**PROMPT:**
Everything from the line with "Baru Kedatangan Kualitas" to the last line of the listing must be retyped exactly, both ends included, with the pictures dropped.

**INFORMATION SUPPLIED:**
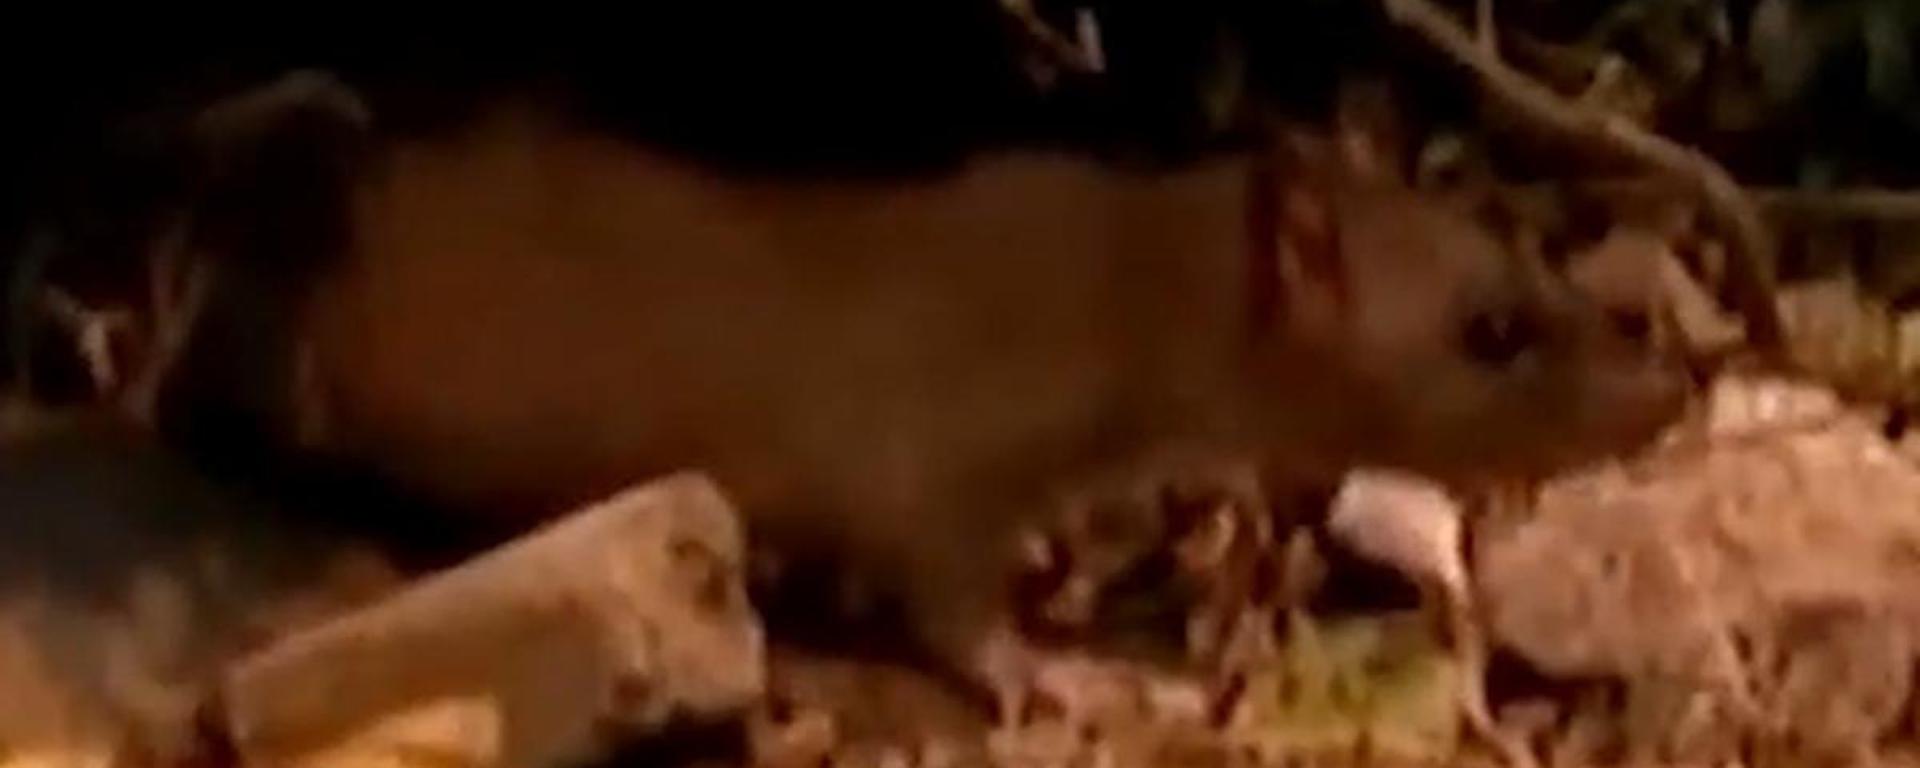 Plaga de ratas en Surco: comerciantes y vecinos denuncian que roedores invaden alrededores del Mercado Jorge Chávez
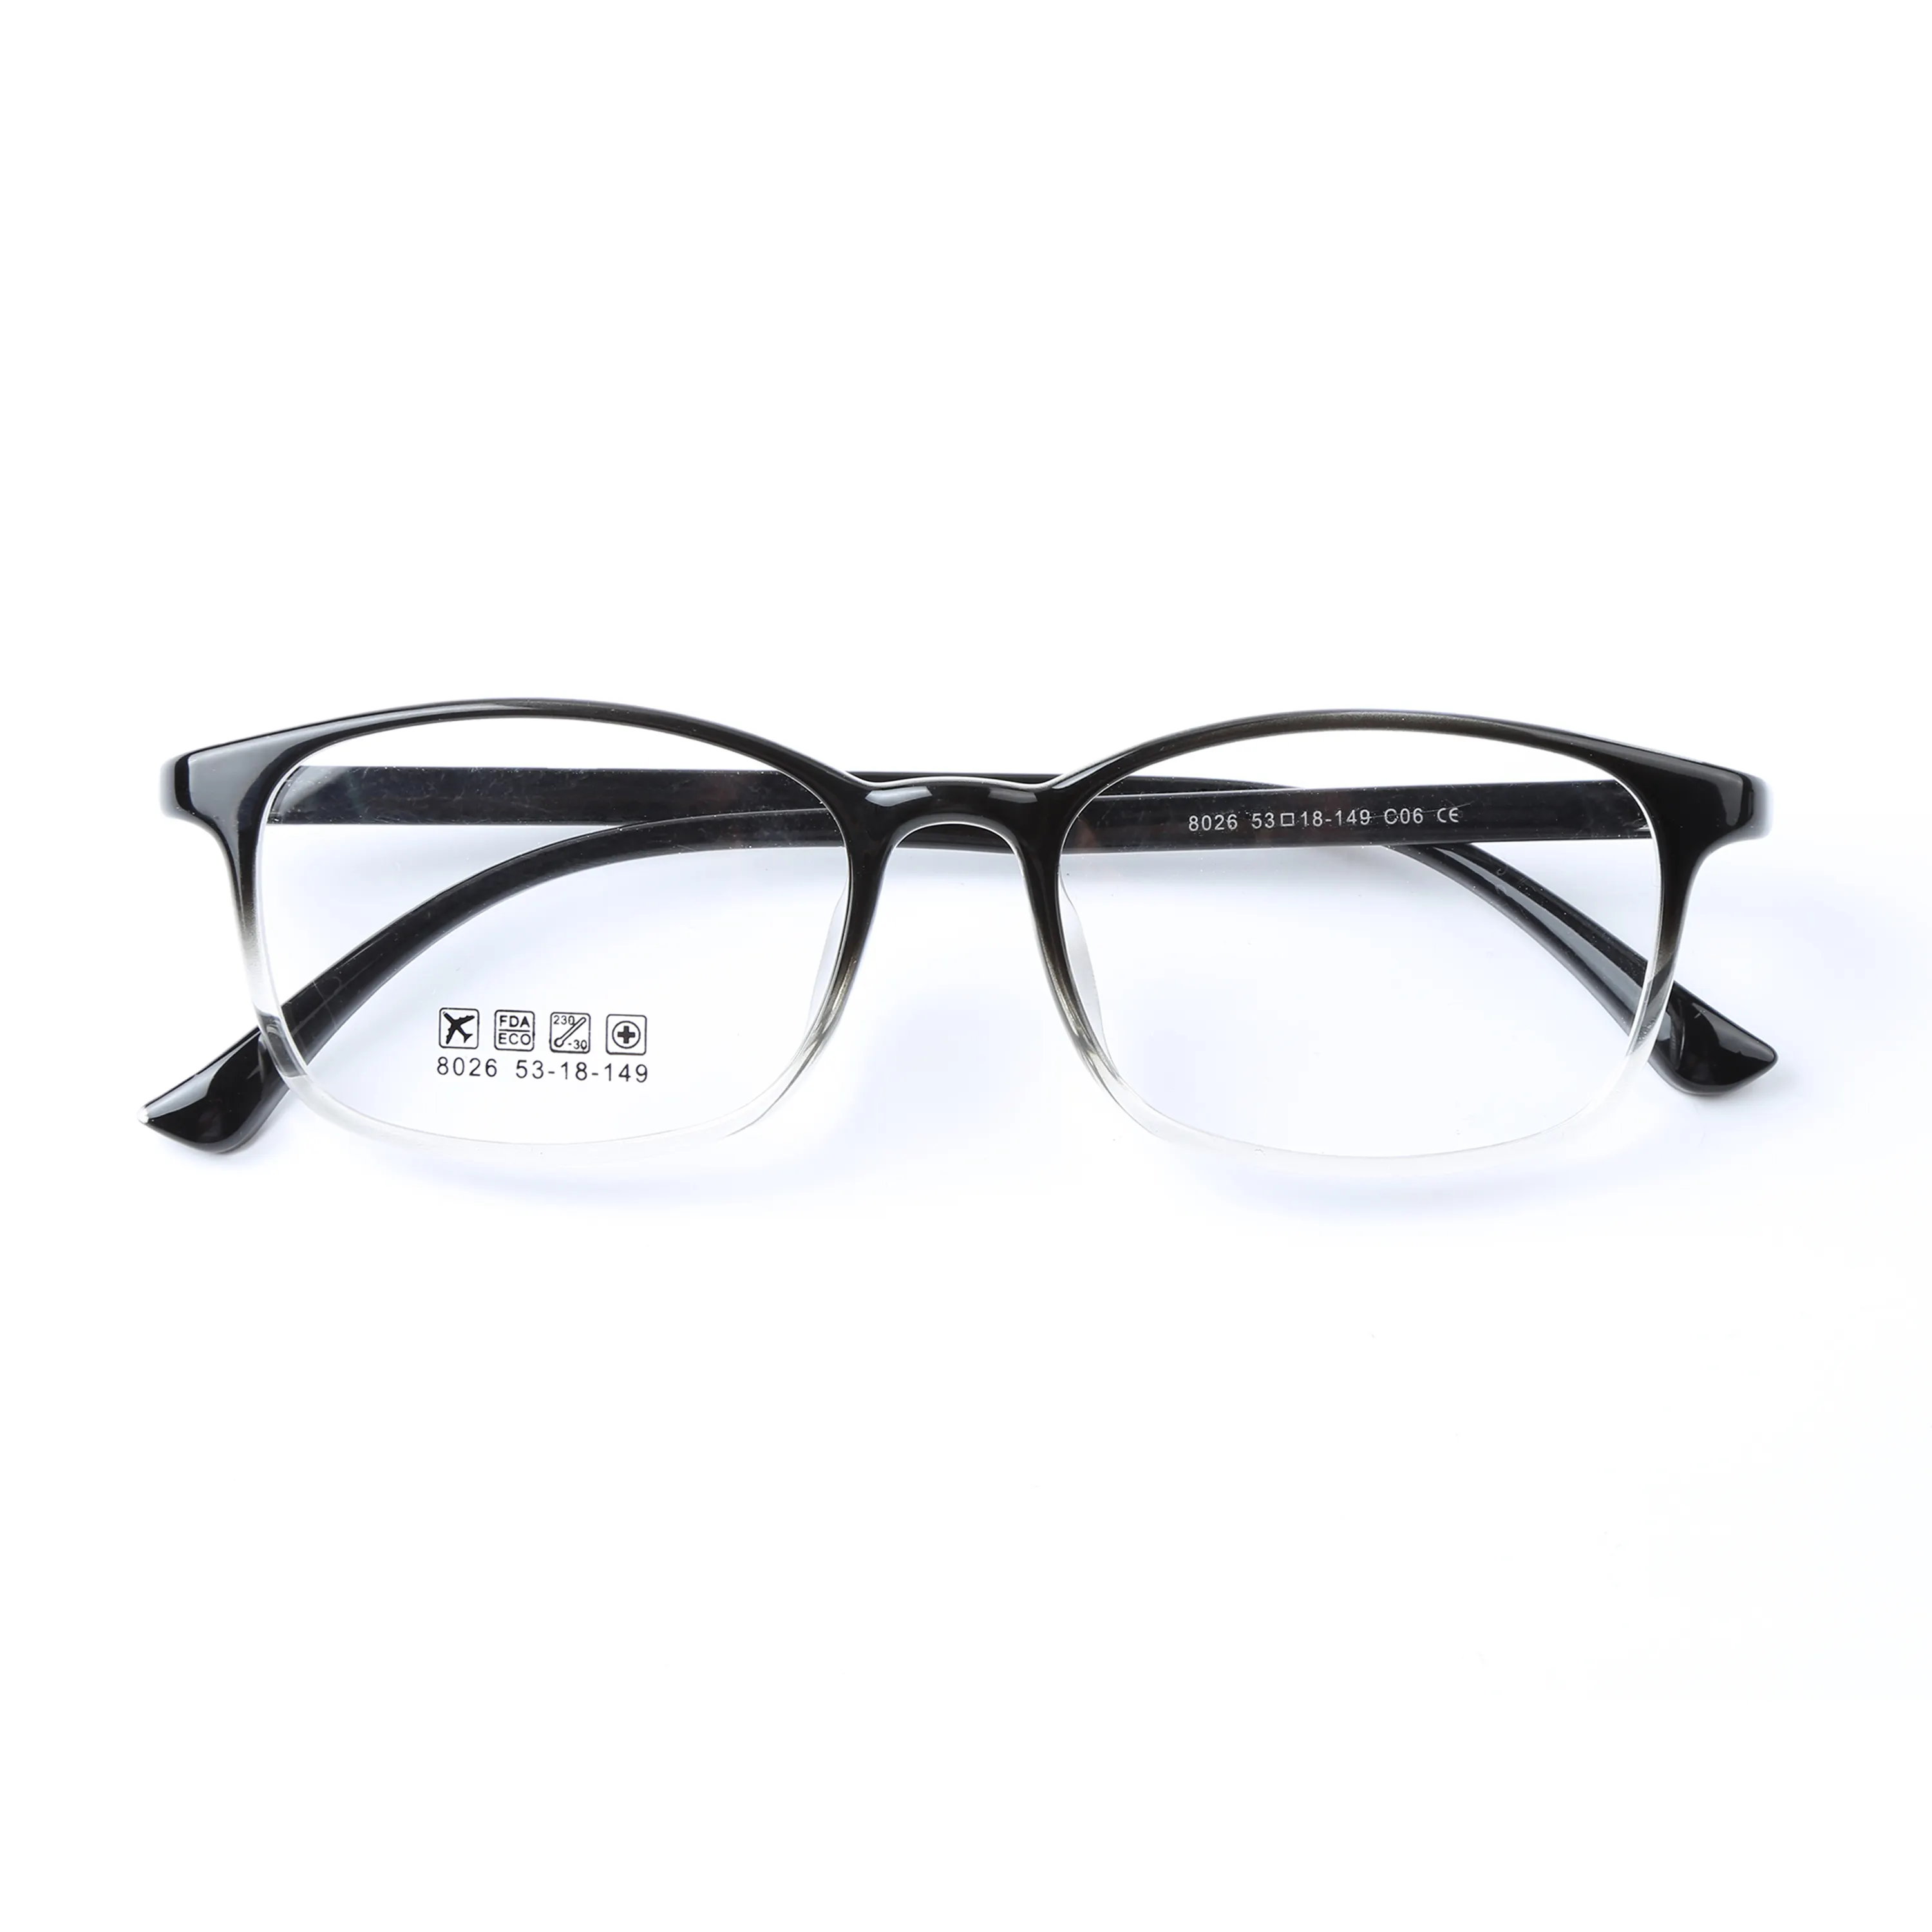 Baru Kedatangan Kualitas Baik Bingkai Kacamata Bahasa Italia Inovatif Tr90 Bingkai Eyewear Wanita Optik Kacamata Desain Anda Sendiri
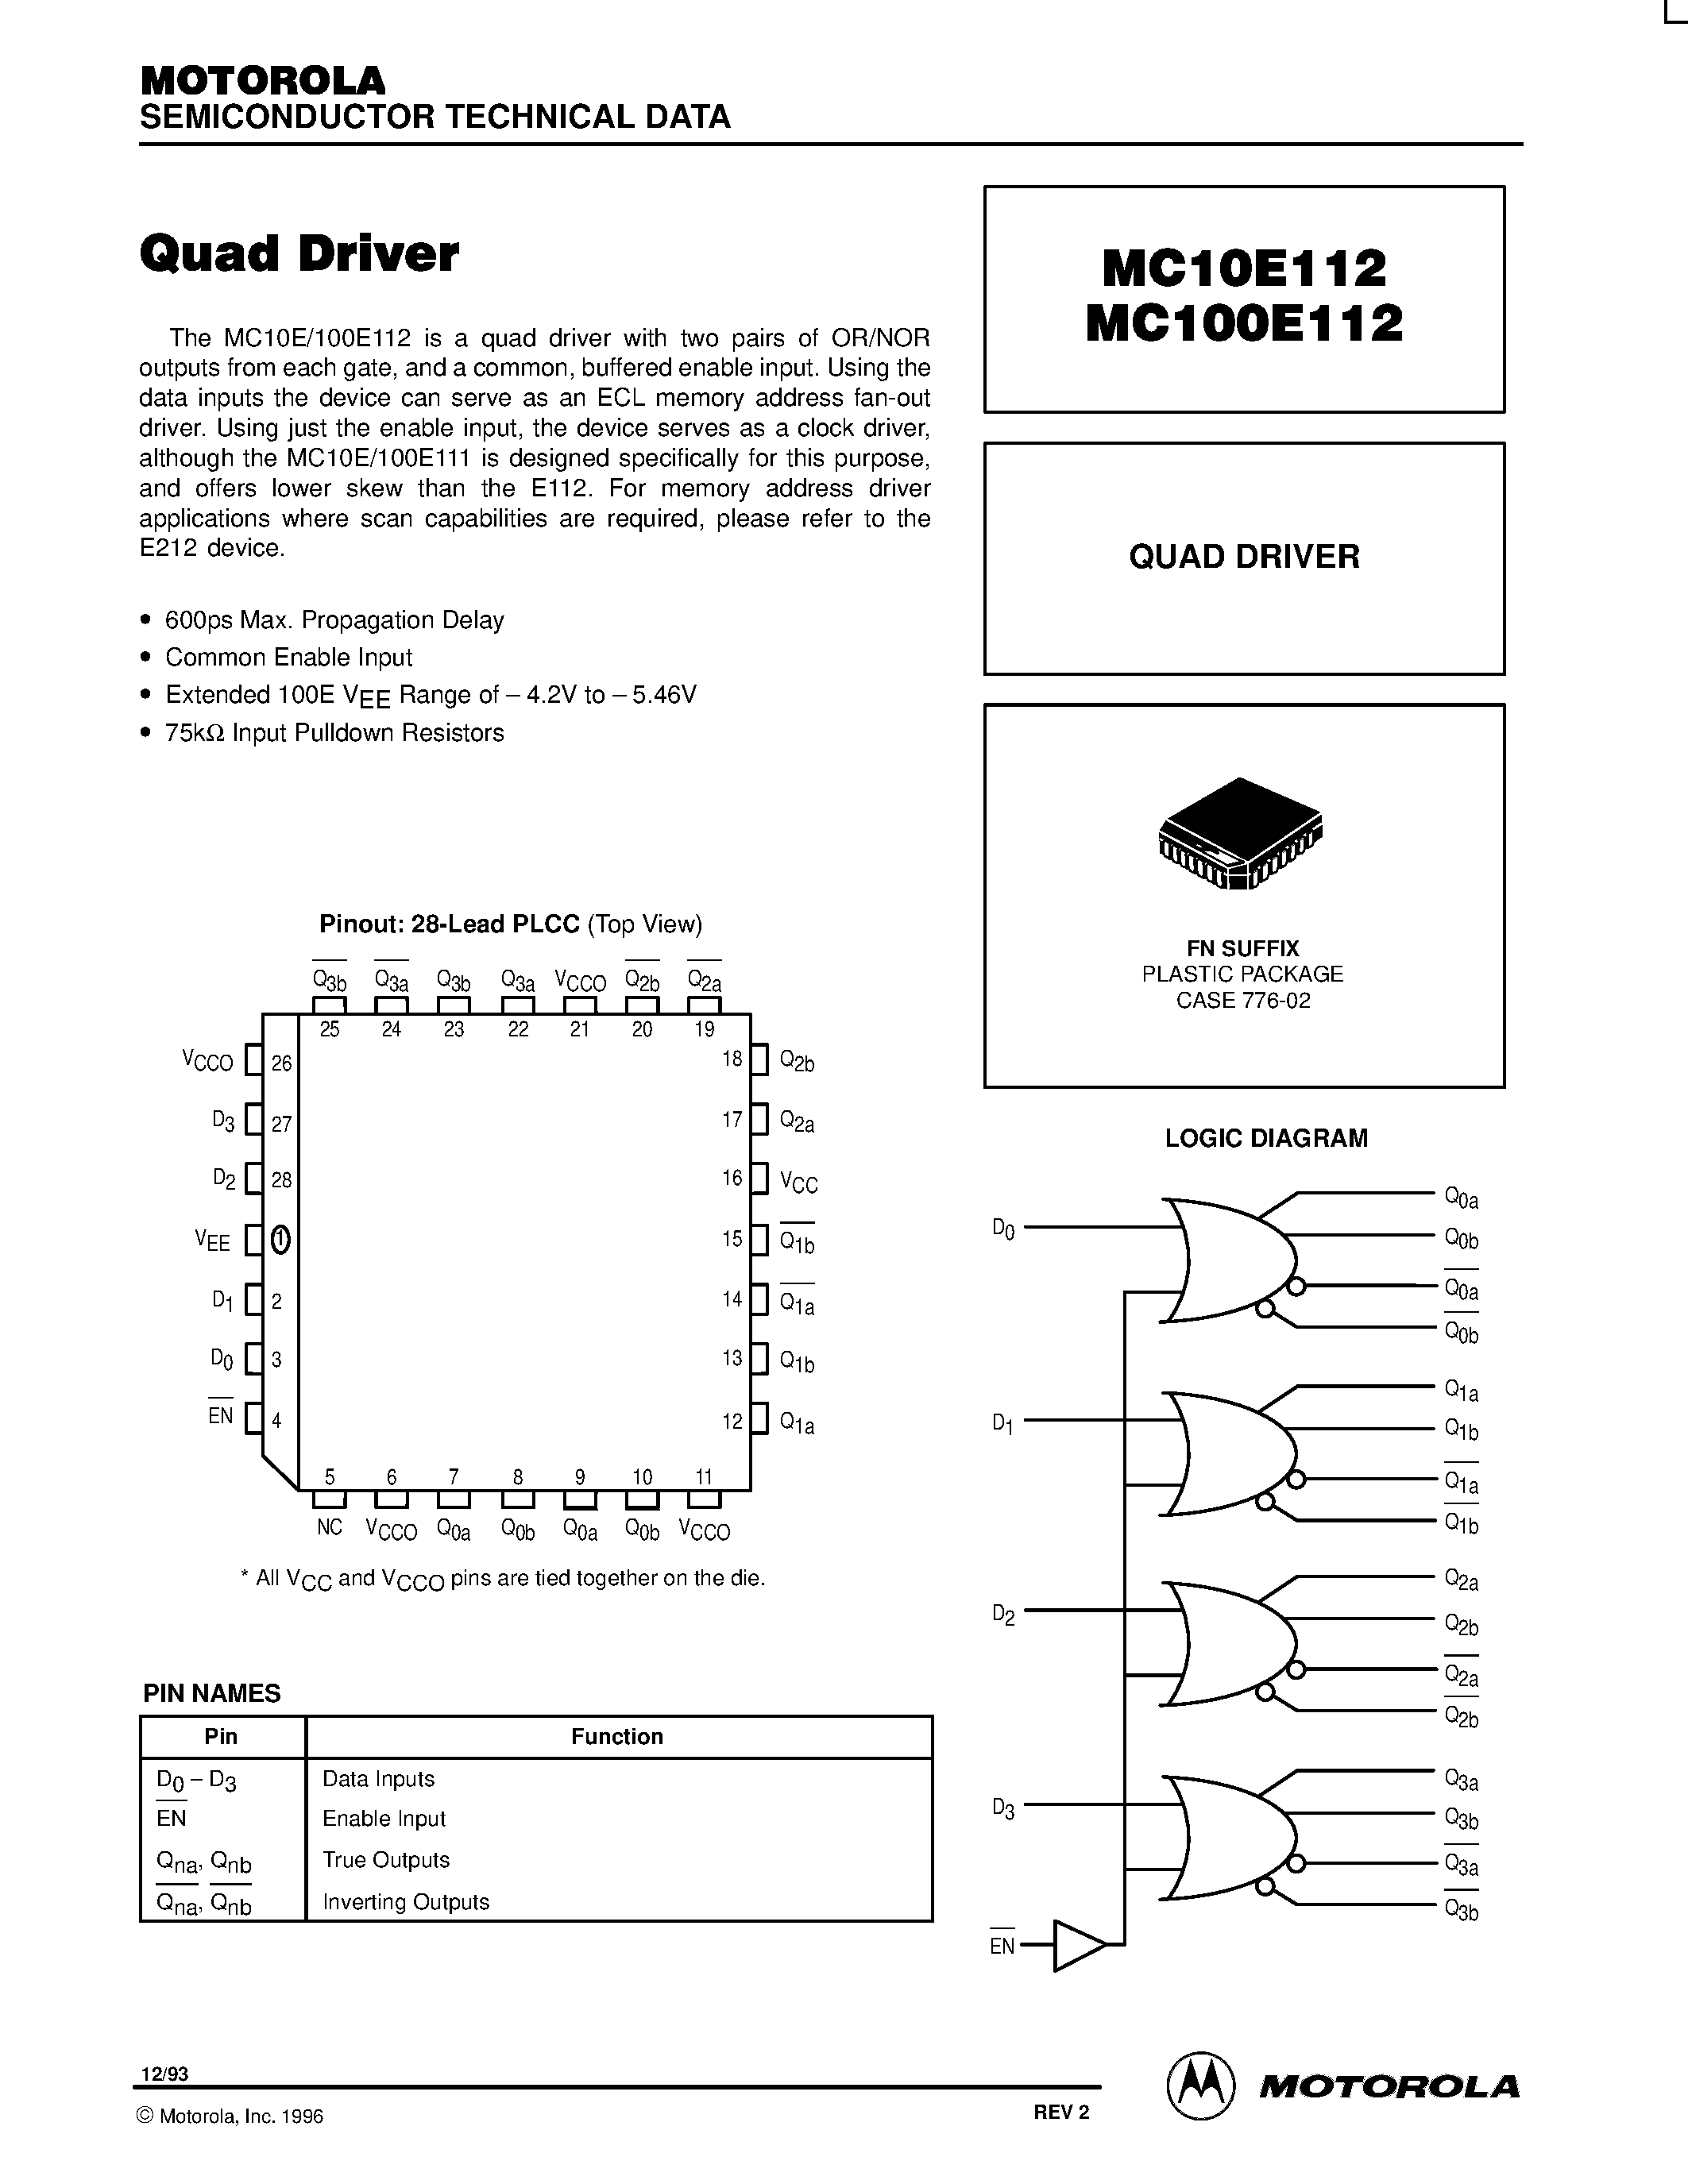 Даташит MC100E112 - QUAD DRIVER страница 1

**WORKED SOLUTION:**
 Baru Kedatangan Kualitas Baik Bingkai Kacamata Bahasa Italia Inovatif Tr90 Bingkai Eyewear Wanita Optik Kacamata Desain Anda Sendiri
 Даташит MC100E112 - QUAD DRIVER страница 1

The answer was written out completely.